From the board compositions, we extracted a list with the names of all directors. From this list, we excluded employee representatives as the legislation does not affect them in the same way. Since mistakes could have occurred while entering the data and people may change their name, this list was manually cleaned by studying the compositions over time and comparing changes. For example, Alexandra Bech Gjørv was a director of Schibsted ASA from 2001 until 2007. However, in 2001 and 2002, her name was listed as simply Alexandra Bech. Without the manual cleaning, she would have been included as two separate people in the dataset.

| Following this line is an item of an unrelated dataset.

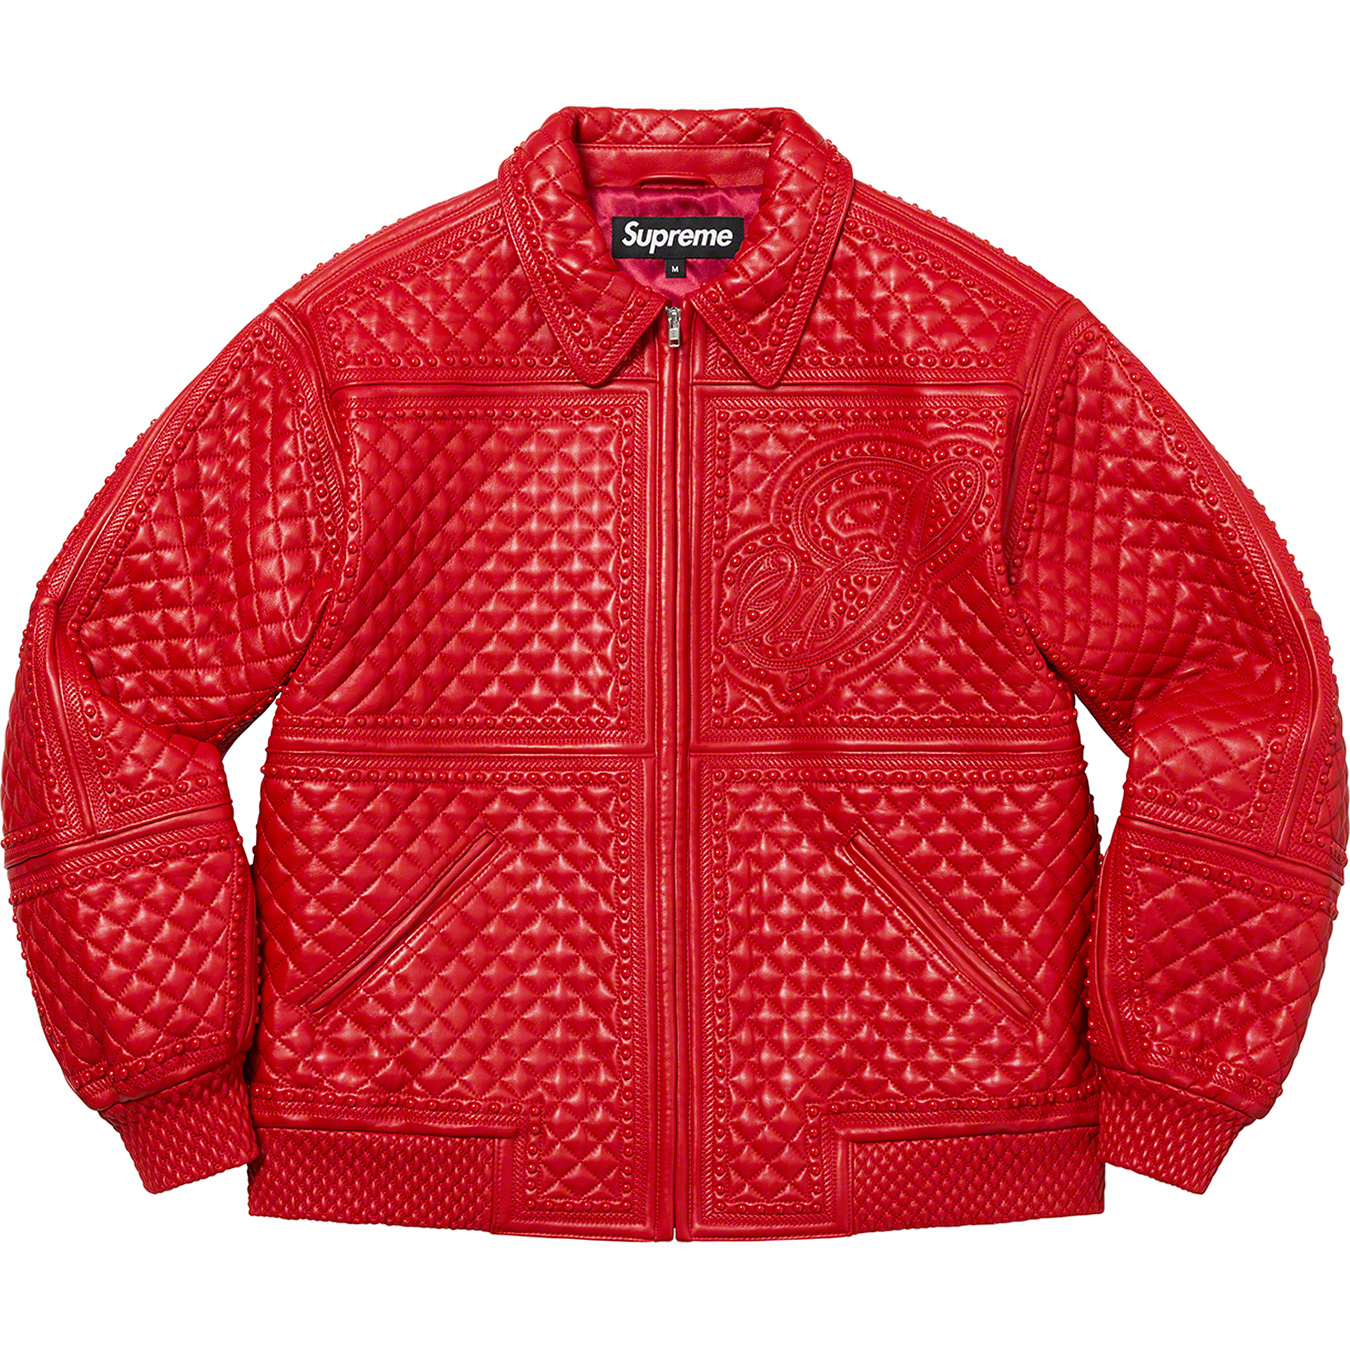 Supreme Studded Quilted Leather Jacket

To determine the sex of the directors in our dataset, we collected lists of all male and all female first names belonging to more than 200 people in Norway from Statistics Norway. We cross-referenced these two lists with the first names of the directors. However, some first names were not in either of the lists, and some first names were included in both lists. In an effort to avoid having missing data, we conducted a web search to determine the gender of directors with these names.

Note: The analysis provided does only consider the data from May 2002 to August 2009 (peer-reviewed).